Author: Armin Rigo <ar...@tunes.org>
Branch: 
Changeset: r61:82b9992a758c
Date: 2013-06-03 15:57 +0200
http://bitbucket.org/pypy/stmgc/changeset/82b9992a758c/

Log:    In-progress

diff --git a/c3/doc-objects.txt b/c3/doc-objects.txt
new file mode 100644
--- /dev/null
+++ b/c3/doc-objects.txt
@@ -0,0 +1,76 @@
+
+
+
+Object copies state transitions (changes of state of the *same* copy)
+---------------------------------------------------------------------
+
+
+
+  Private freshly created
+             \                Private, with backup
+              \                  ^       \    ^
+               \                /         \   |
+         commit \       modify /    commit |  |
+                 \            /            |  | modify
+                  V          /             |  |
+           Protected, no backup            V  |
+                ^    ^              Protected, with backup
+               /     |       gc       |
+       commit /      `----------------'
+             /
+            /
+    Private copy of
+    a public obj
+
+
+
+     Protected backup copy
+                  \
+                   \
+           stealing \         commit of newer version
+                     \         ,-----------------.
+                      V        |                 V
+             Up-to-date public copy       Outdated public copy
+
+
+
+Kind of object copy                                    h_revision
+-------------------------------------------------------------------
+
+Private objects:
+- freshly created                                         PRN
+- converted from a protected obj                          PRN
+- private copy of a public obj                            PRN
+
+Protected objects:
+- converted from fresh private obj                     (old PRN)
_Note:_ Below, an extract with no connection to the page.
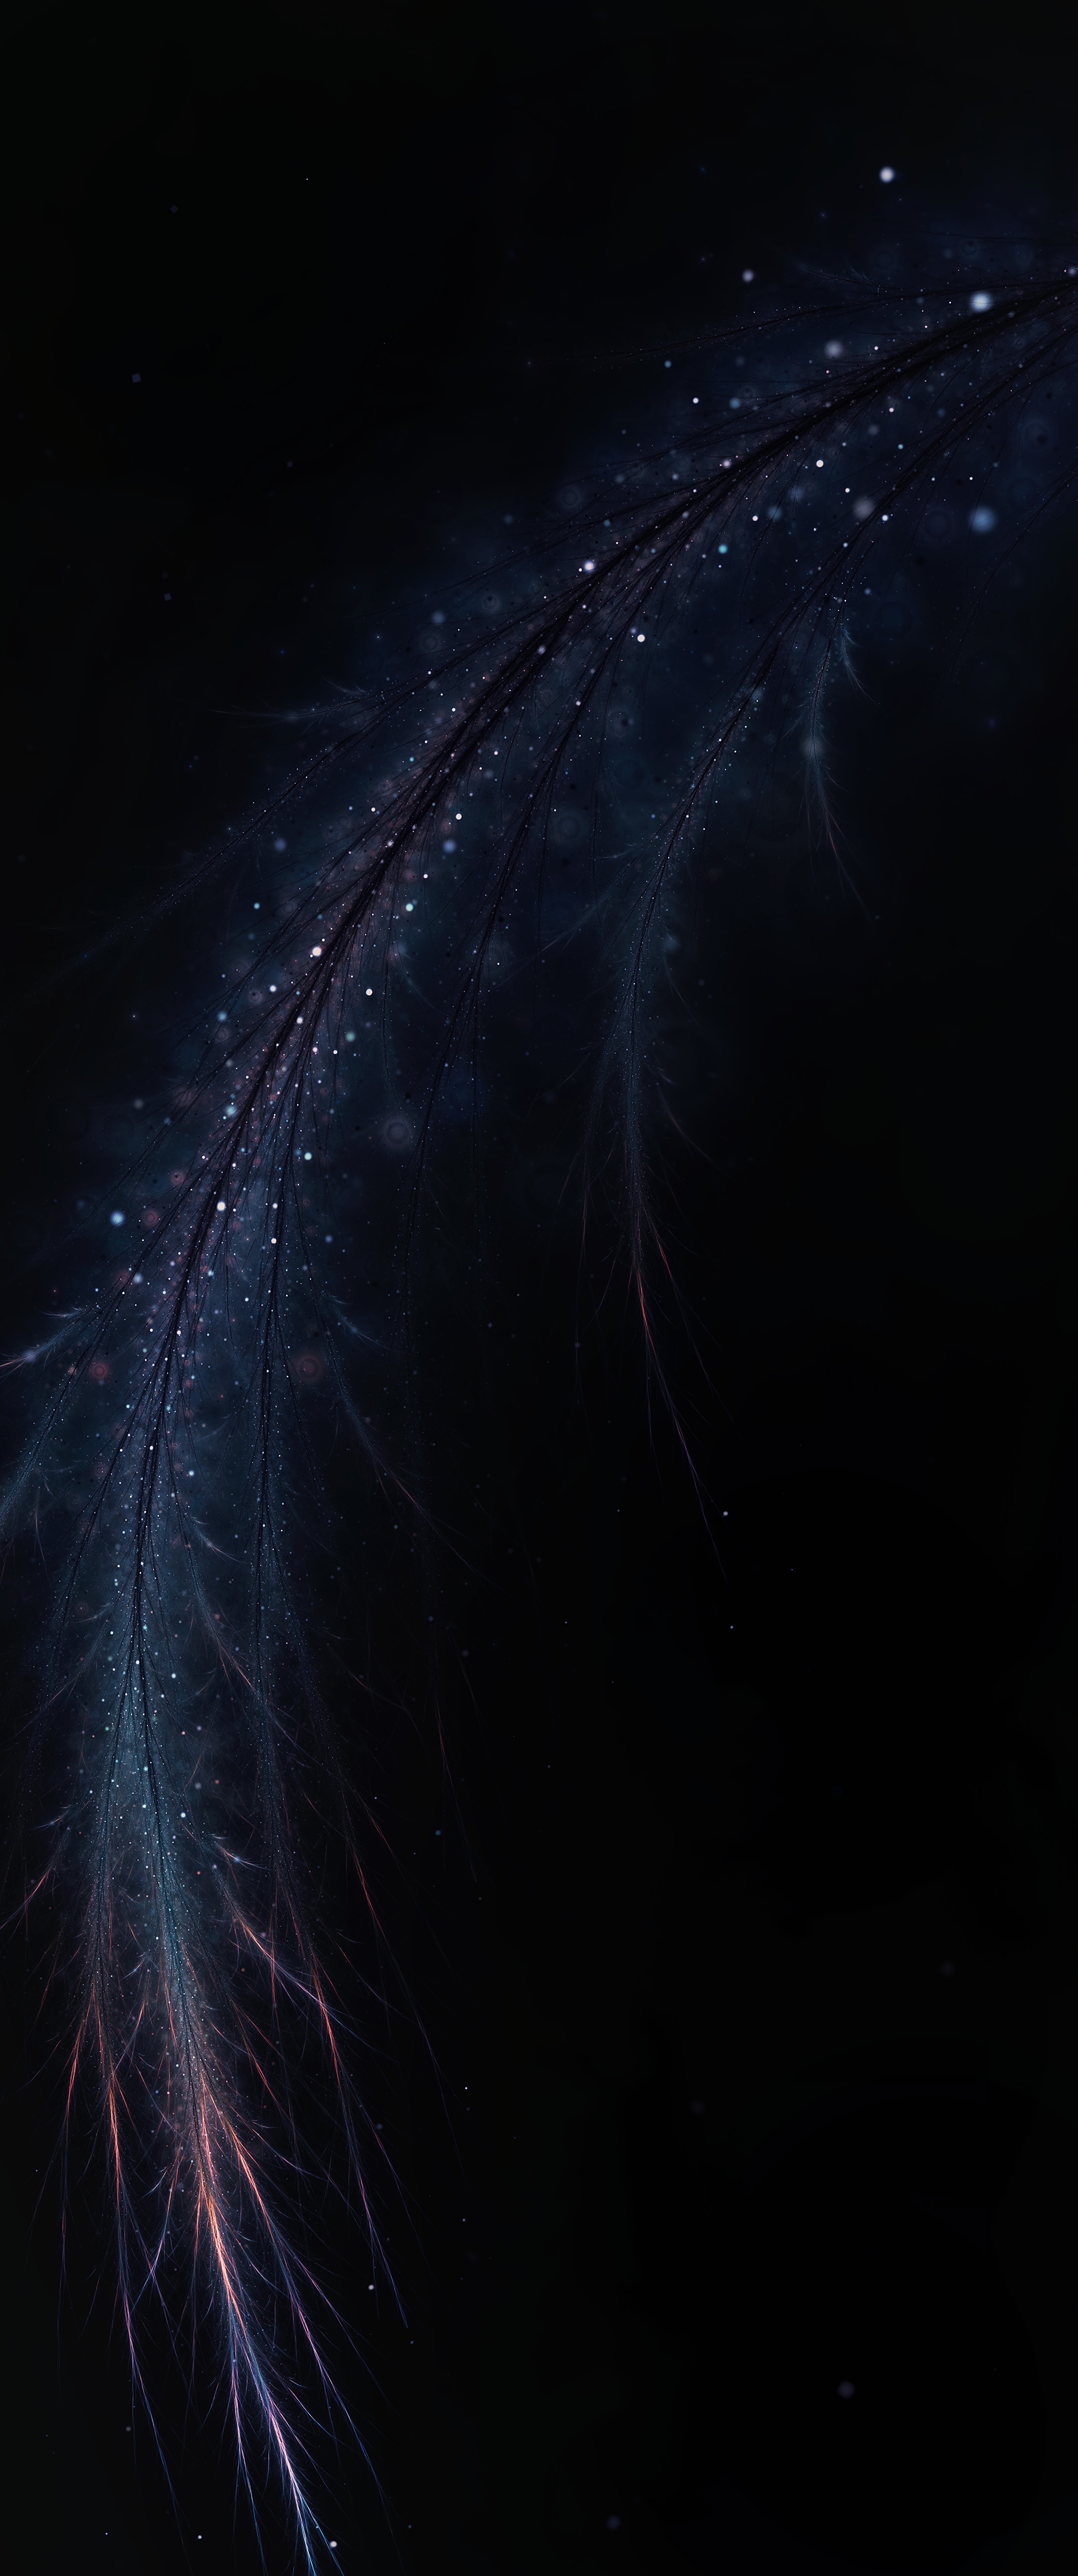 dark, abstract, feather, fractal, shine, brilliance, branch, pen High Definition image

+- converted from a private obj with backup           ptr to backup
+- backup copy of a private obj                    original h_revision
+- backup copy still attached to a protected               GT
+- original obj after GC killed the backup                 GT
+
+Public objects:
+- prebuilt object, never modified                         -1
+- other public object, never modified                     GT
+- outdated, has a protected copy               ptr to prot/priv | 2
+- outdated, target stolen                   ptr to next public copy
+
+Public stubs:
+- from stealing: like outdated public objects
+- from major GC: like outdated public objects with target stolen
+
+
+PRN = Private revision number (negative odd number)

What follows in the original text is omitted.